● **DATASET SECTION**:
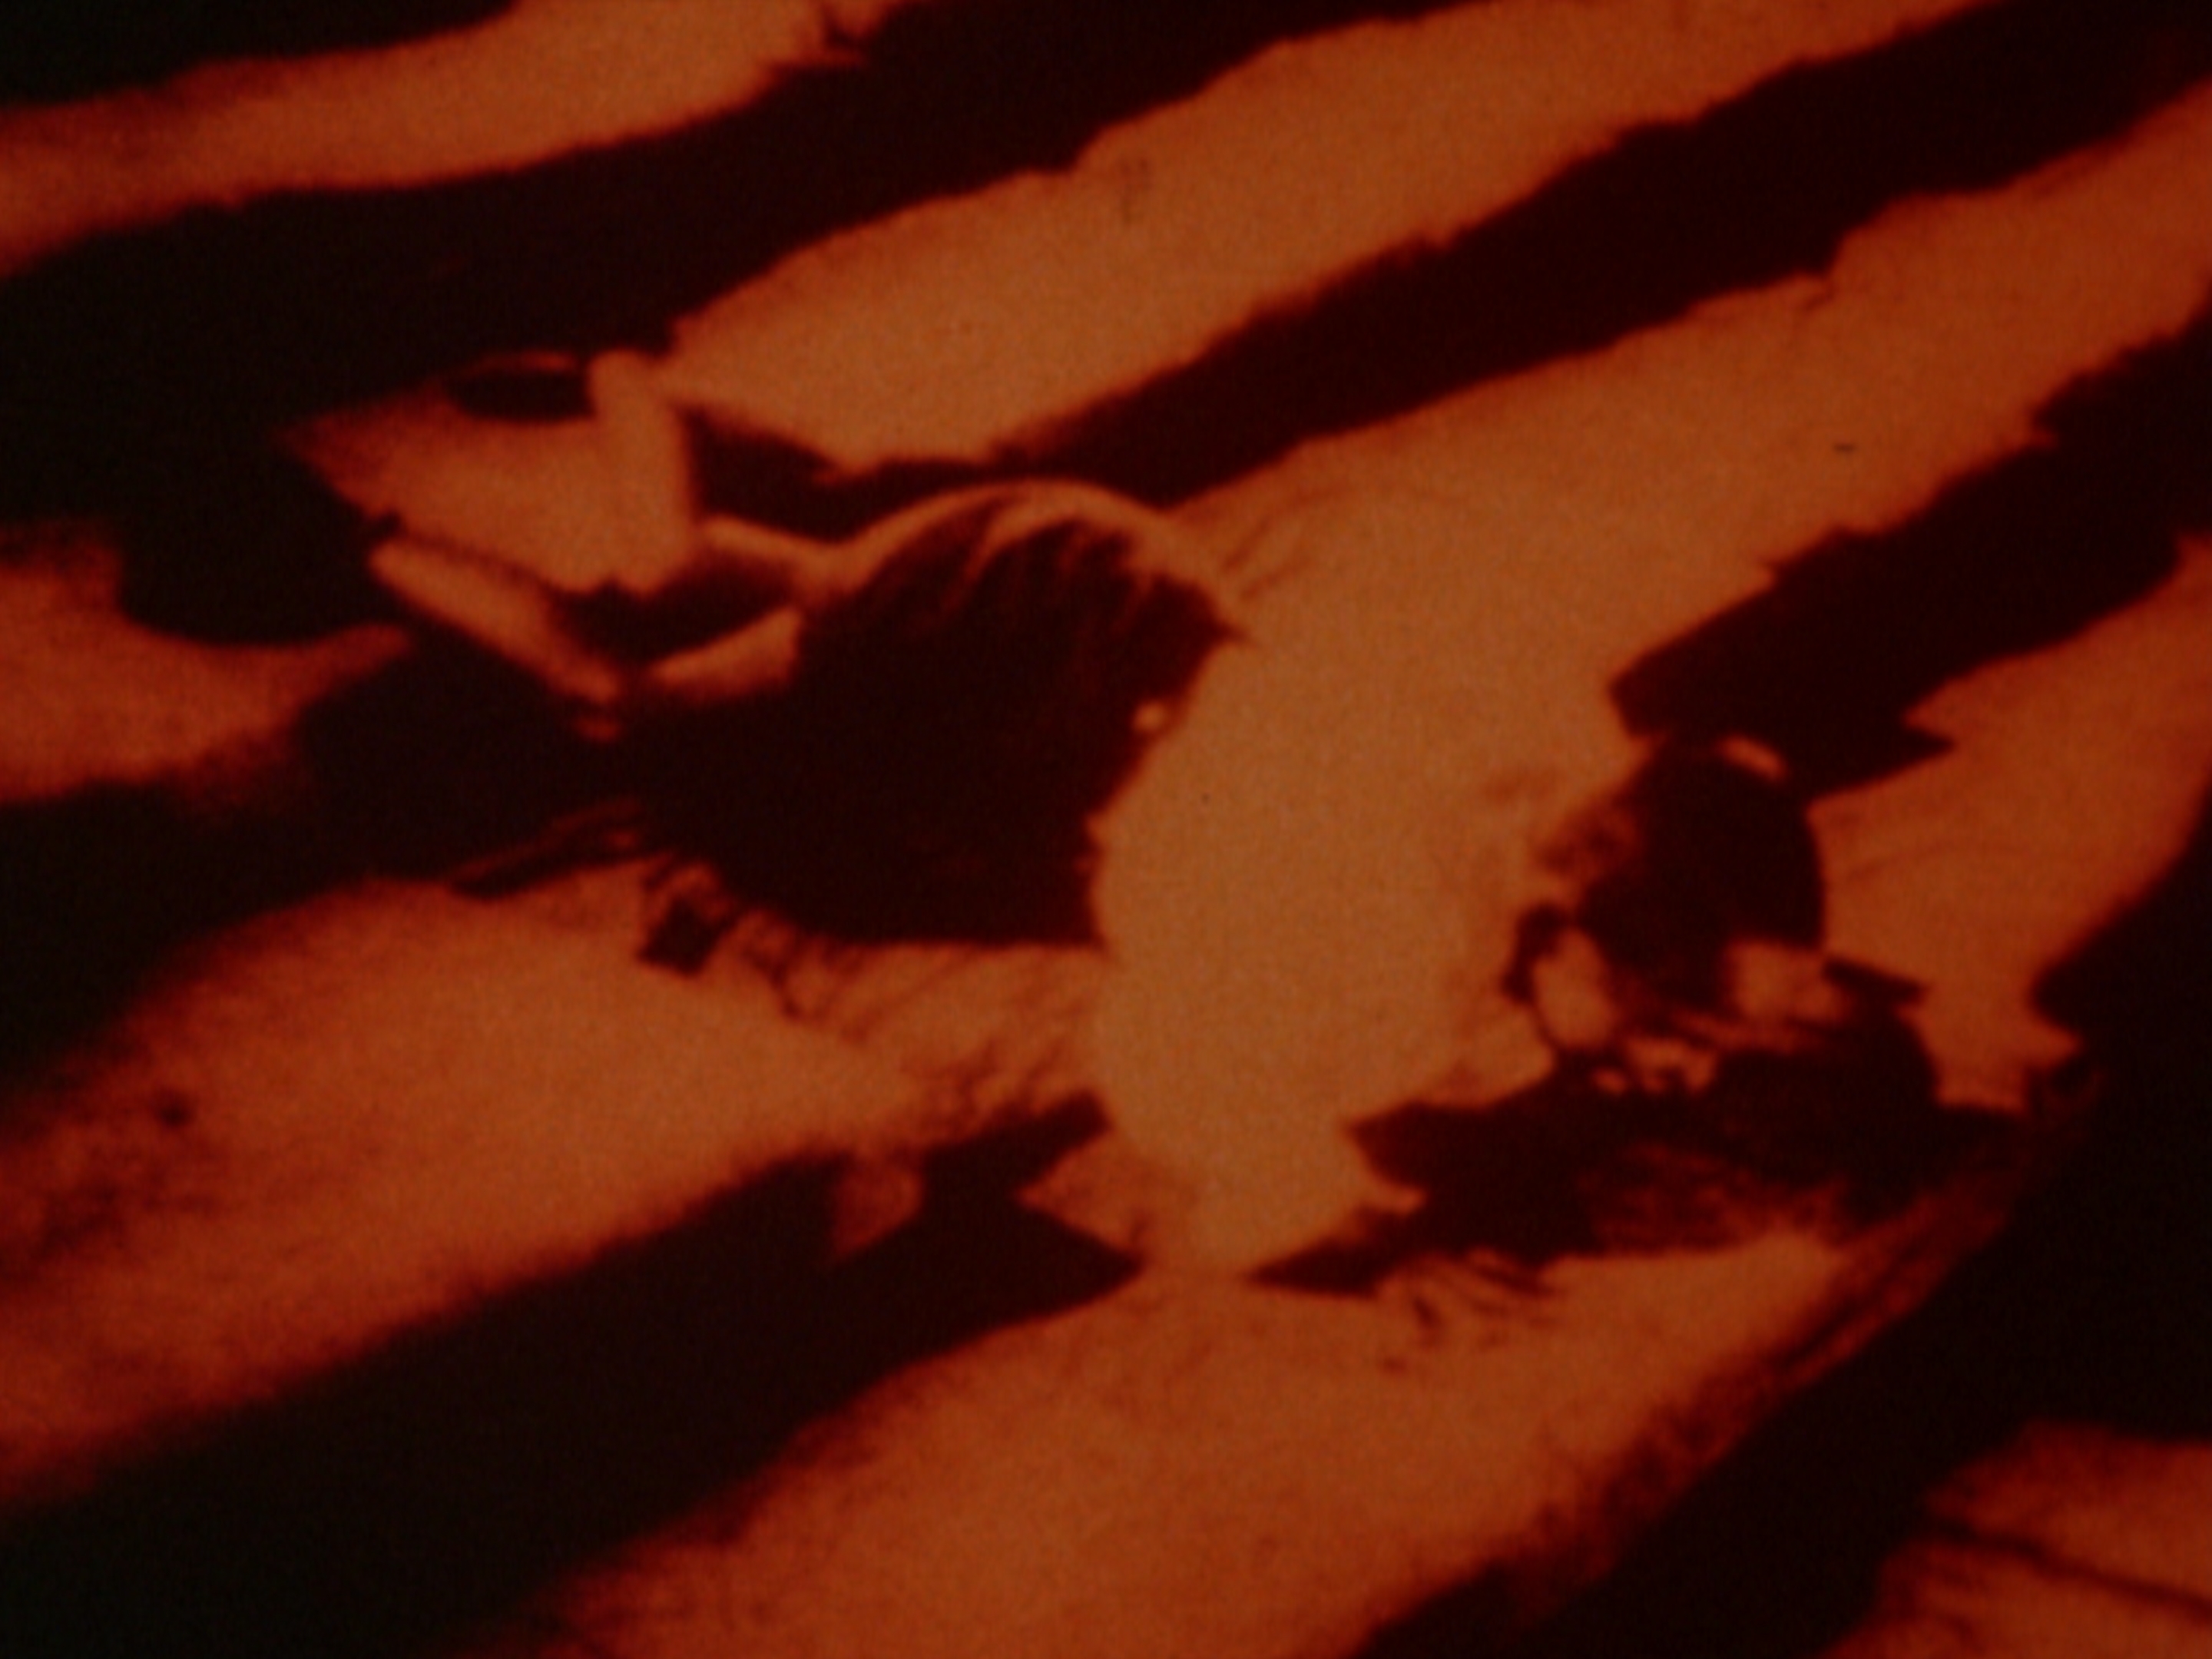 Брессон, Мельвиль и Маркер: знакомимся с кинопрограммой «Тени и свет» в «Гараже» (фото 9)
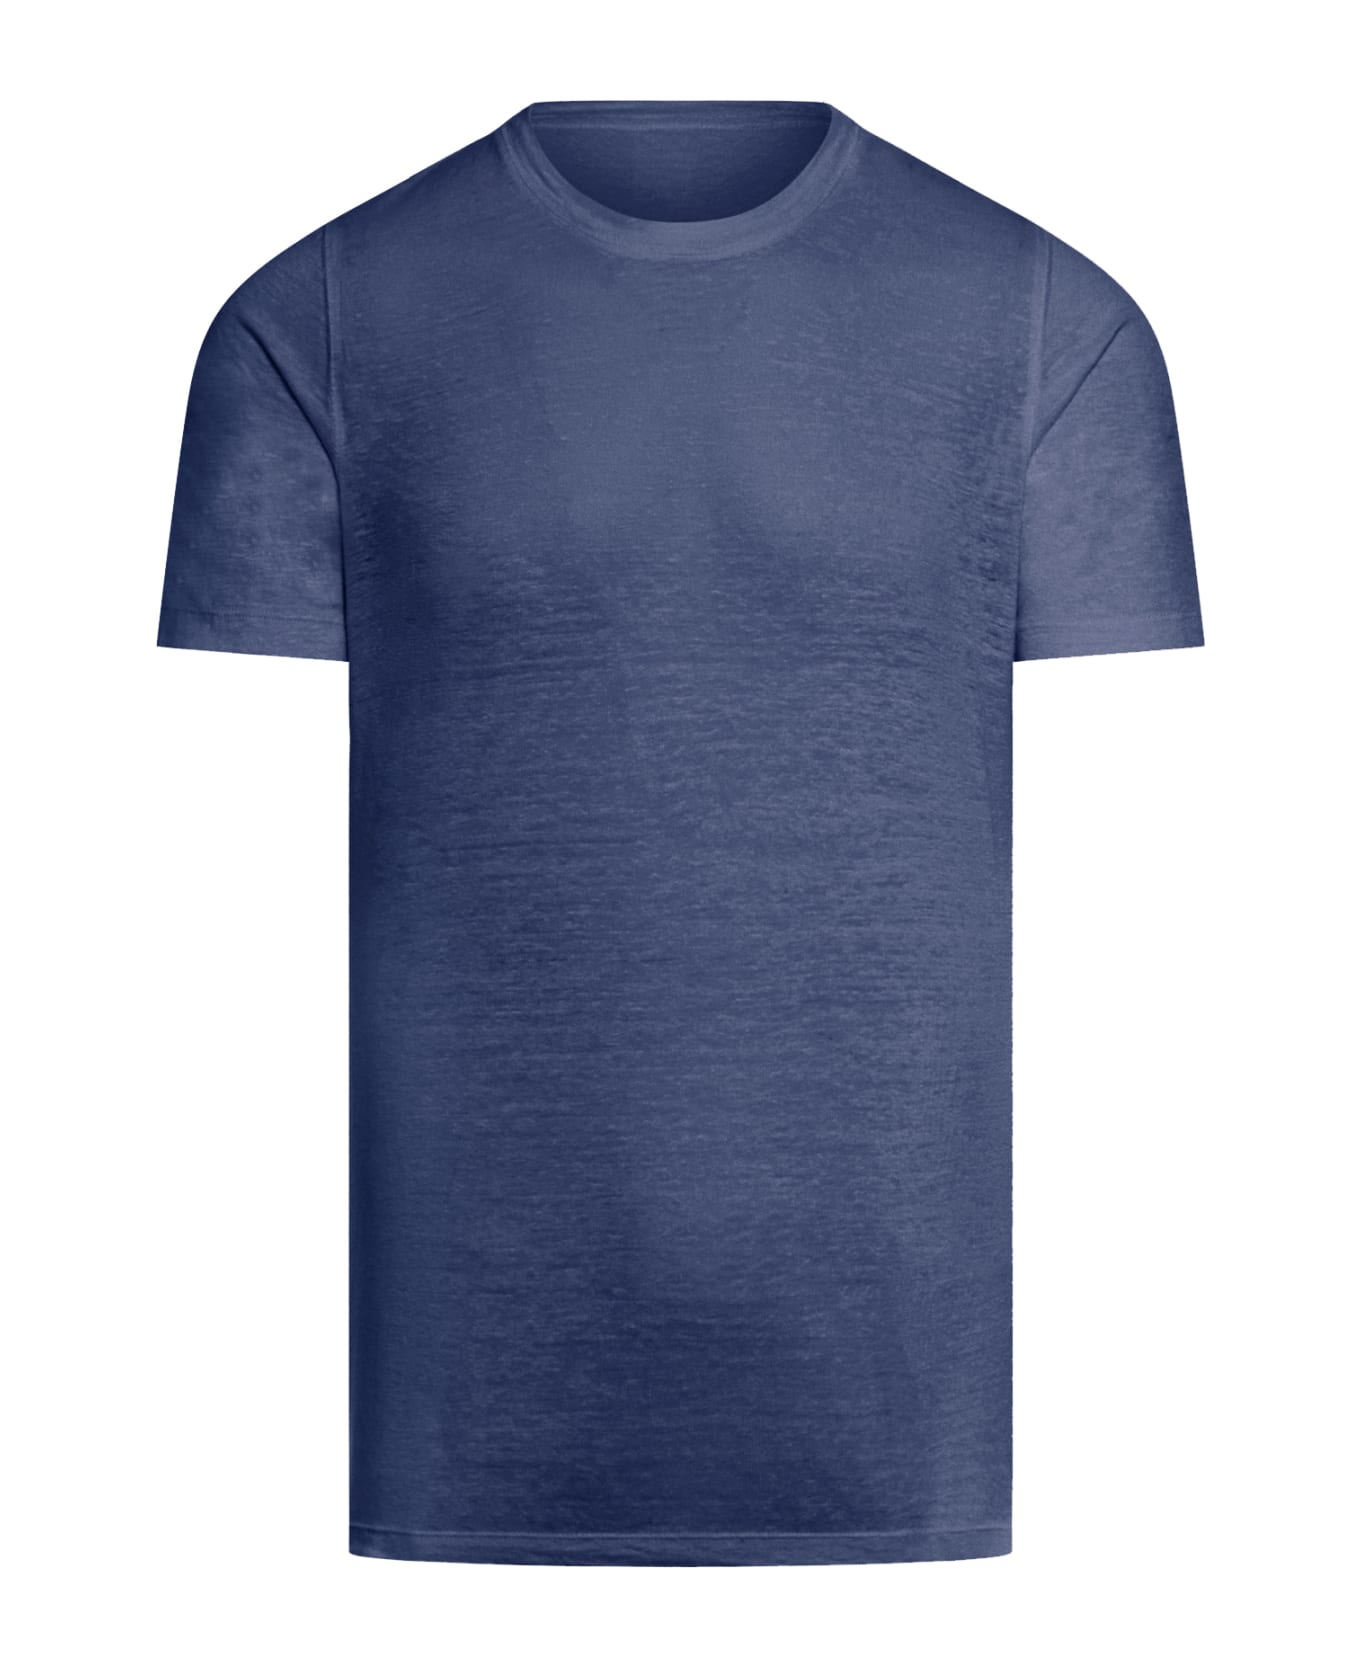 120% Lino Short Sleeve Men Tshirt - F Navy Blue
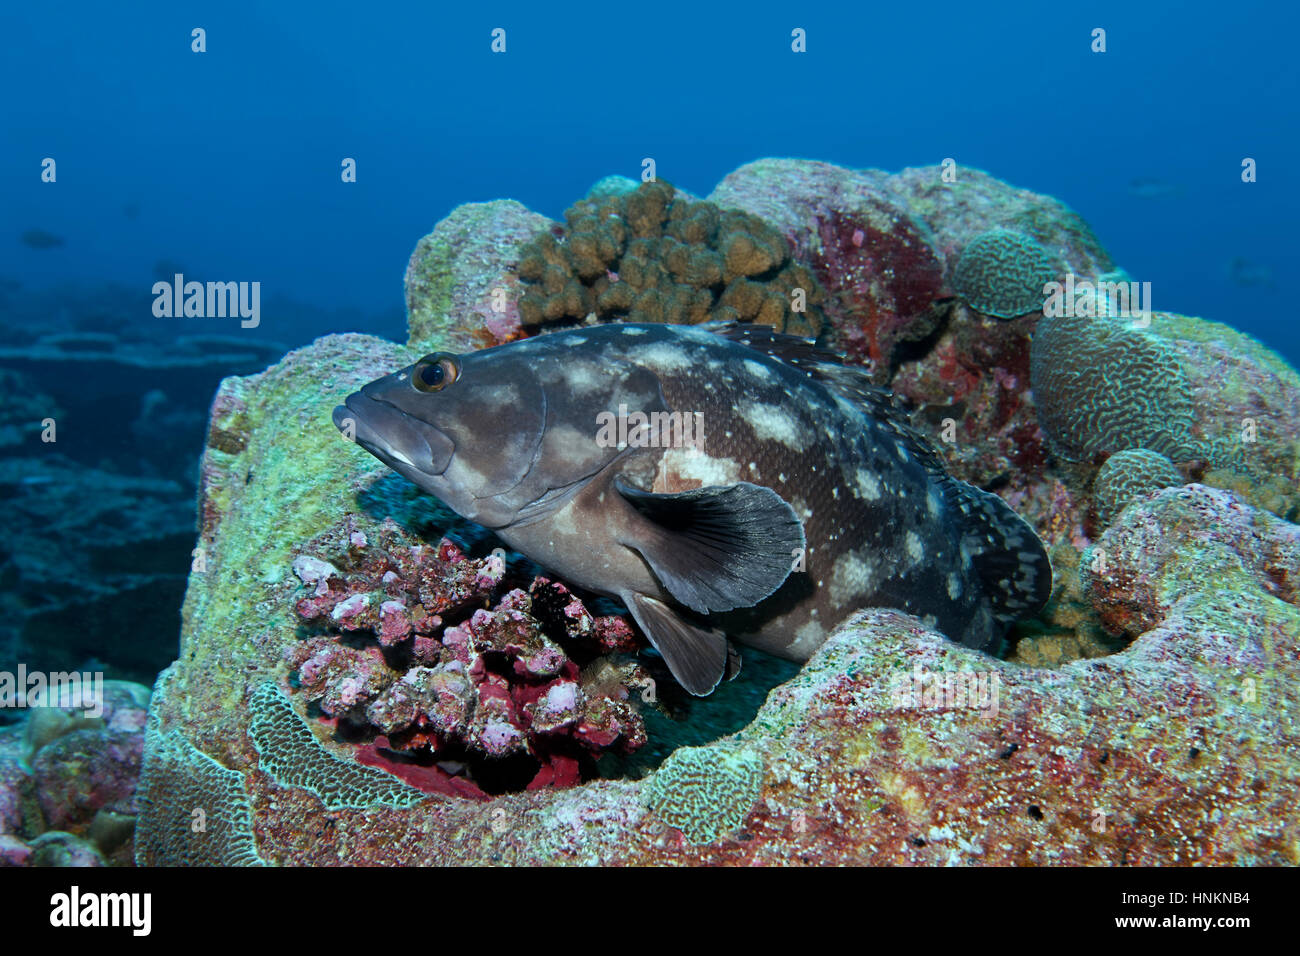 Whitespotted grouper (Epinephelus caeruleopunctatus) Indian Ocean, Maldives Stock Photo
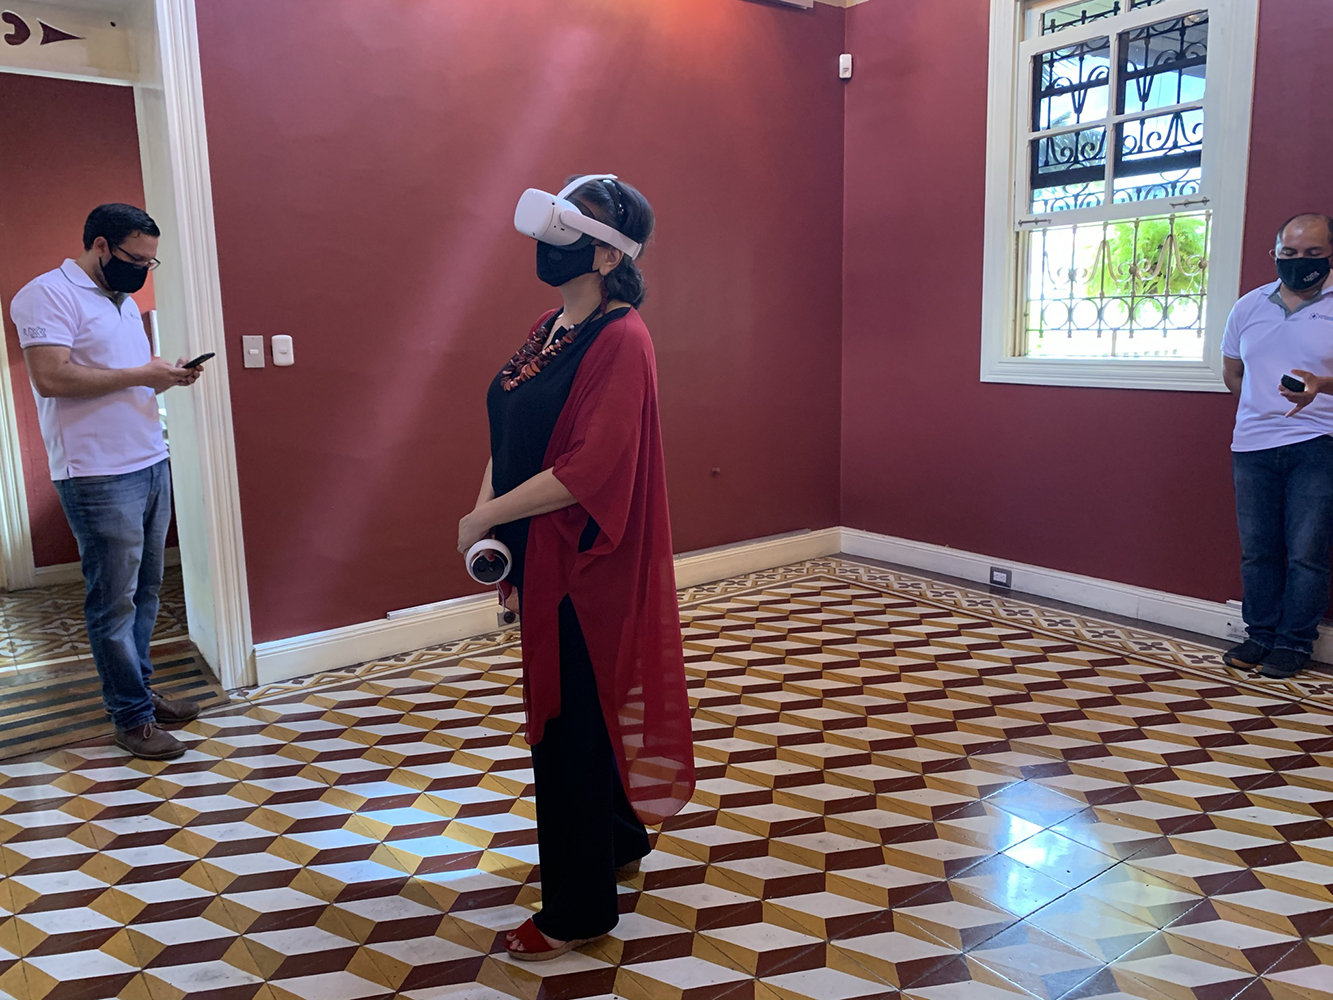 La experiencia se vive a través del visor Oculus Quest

● **YOUR TASK**: Using the listing above, copy exactly the lines from the one that contains "Whitespotted grouper (Epinephelus" through its last line, both included, but not the pictures.

● **RESPONSE TO THE EXERCISE**:
 Whitespotted grouper (Epinephelus caeruleopunctatus) Indian Ocean, Maldives Stock Photo
 La experiencia se vive a través del visor Oculus Quest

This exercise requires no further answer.